In 1984, with the encouragement of Penn President Sheldon Hackney, the newspaper formalized its autonomy from the University by becoming an independent, non-profit corporation. The change guaranteed that the newspaper's editorial voice -- and the finances which allow it to operate -- could continue in perpetuity without fear of attempts by administrators to ever again shut down or control the paper's content.
At the same time, the newspaper formed the DP Alumni Association. In its two decades of existence, the DPAA has worked towards fulfilling its dual mission of helping current students on the newspaper's staff and helping DP Alumni keep in touch with each other.
After expanding into year-round publication with the launch of The Summer Pennsylvanian in 1984, the DP family grew once more in 1989, with the addition of The Weekly Pennsylvanian, a weekly subscription publication specifically for alumni and parents. In 1995, the DP launched its presence on the emerging World Wide Web with "DP Online" (now known simply as DailyPennsylvanian.com). Today, nearly as many people visit the paper's web site each day as read the printed edition on campus.
The Daily Pennsylvanian has long been regarded as one of the best college newspapers in the country. In recent decades its reputation has soared as improved technology and larger budgets from increased advertising sales have enabled student reporters, photographers, designers and editors to continually improve and enhance the newspaper. "We were incredibly -- and justifiably -- proud of the paper we produced in the late 1970's," says longtime DP General Manager Eric Jacobs '80, "but the paper today's students produce is simply head and shoulders above what we did less than three decades ago."
There is no journalism department at Penn. While a few scattered journalism-related courses have been offered over the years, it is The Daily Pennsylvanian which has been the preeminent source of journalism education at Penn for more than a century. Today, you can find DP alumni working at The New York Times, Washington Post, The Wall Street Journal, USA Today, Los Angeles Times, Boston Globe, Philadelphia Inquirer, Miami Herald, Chicago Tribune, Dallas Morning News, and dozens of other newspapers; at Time, Newsweek, Sports Illustrated, The New Yorker, The New Republic, Business Week, Forbes, Fortune, Inc., GQ, Glamour, Entertainment Weekly and dozens of other magazines; at ABC, NBC, CBS, NPR, PBS, CNN, ESPN, and numerous other national and local broadcast outlets.

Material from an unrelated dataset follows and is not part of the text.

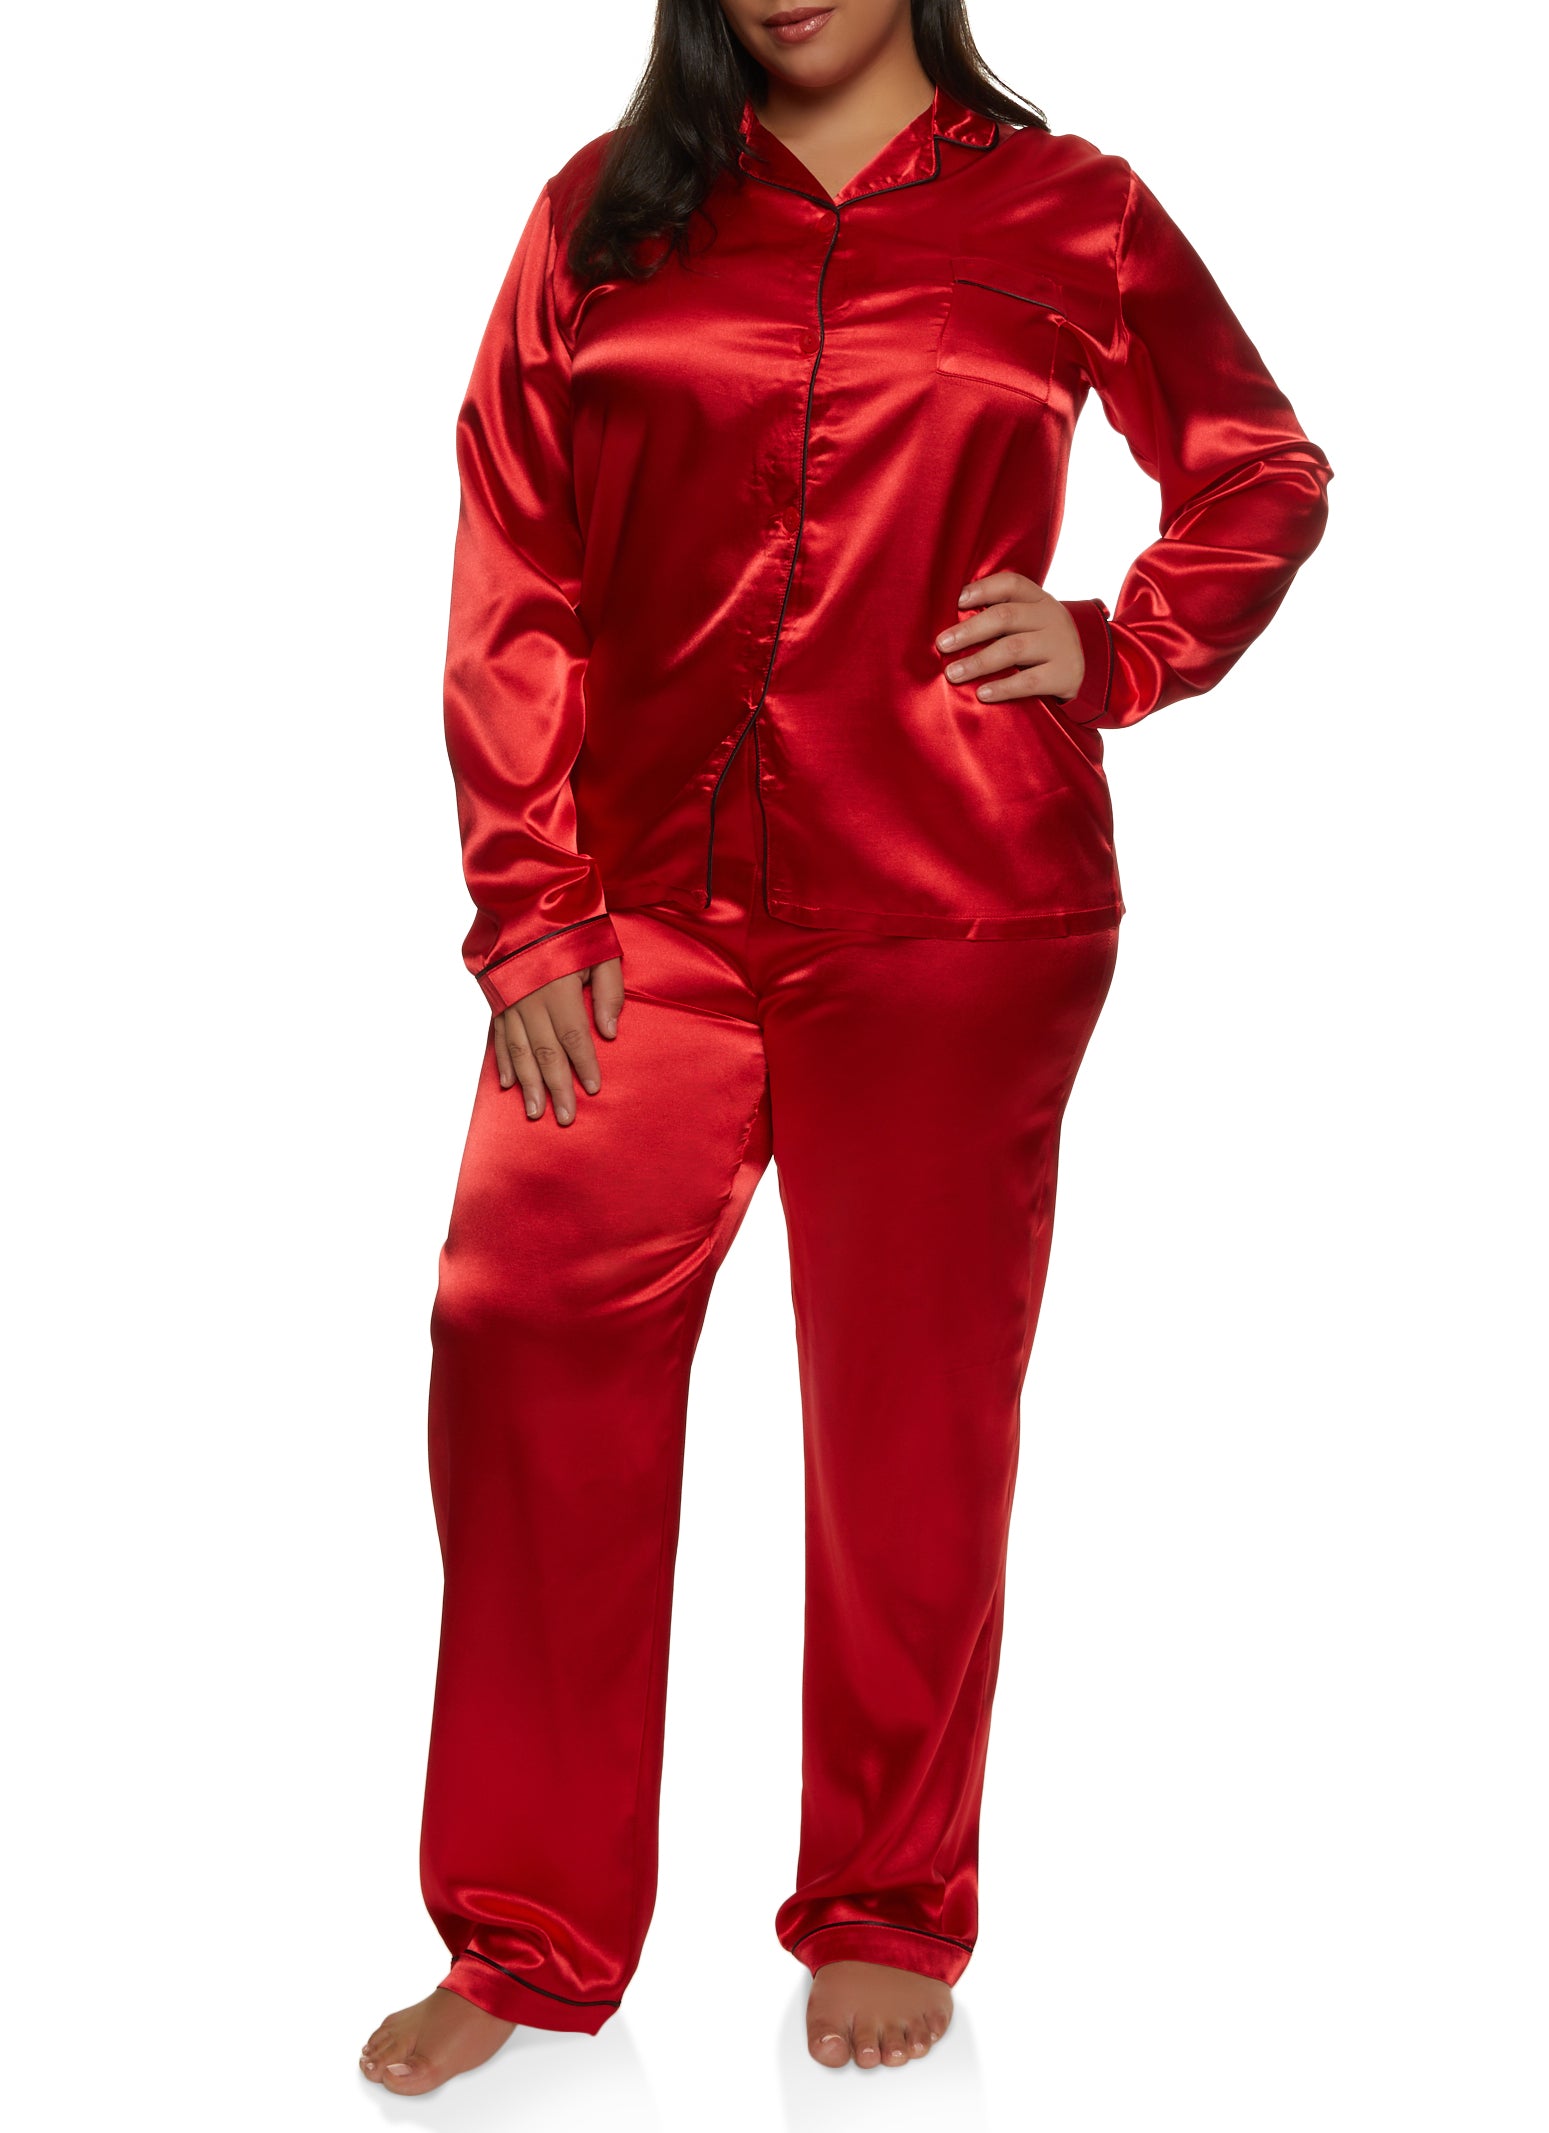 Rainbow Shops Womens Plus Size Satin Contrast Trim Pajama Shirt and Pants  Set, Red, Size 3X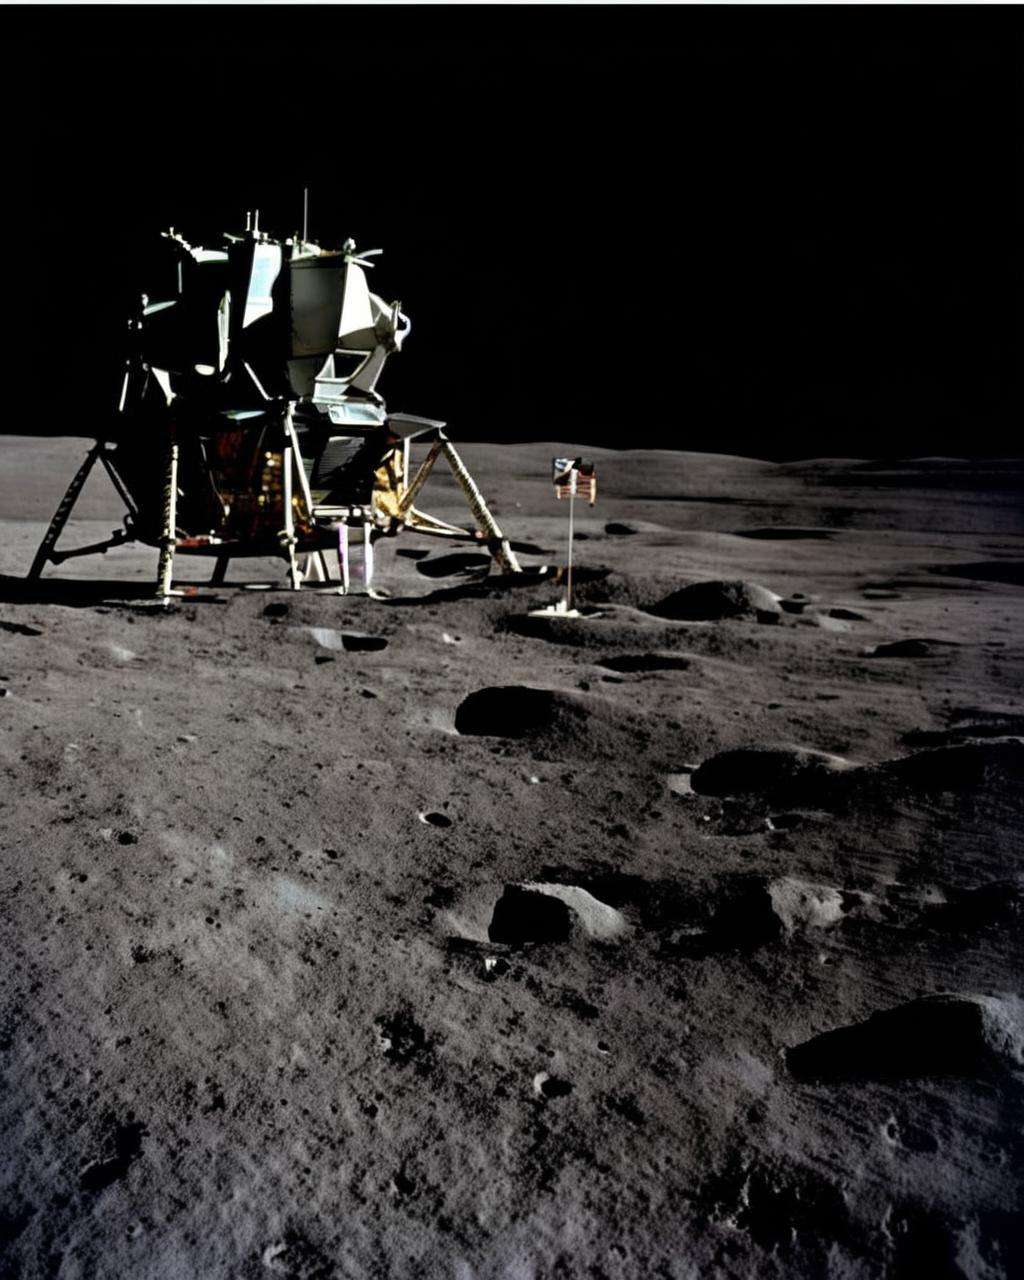 mission apollo on the moon, deep black sky <lora:Apollo_Style:1.0>

But the education the DP provides has never turned out just journalists; DP alumni -- from lawyers to doctors, investment bankers to social workers, engineers to accountants -- frequently cite the writing, deadline, management, and people skills they learned at the DP as useful in their careers.
In recent years, the DP's reputation has been bolstered by an unprecedented number of awards to the paper and its staff members. The most prestigious award for college newspapers is the Pacemaker award -- often referred to as the Pulitzer Prize for college journalism -- from the Associated Collegiate Press. In late 2004, the DP received its fourth consecutive Pacemaker award, the seventh in the paper's history.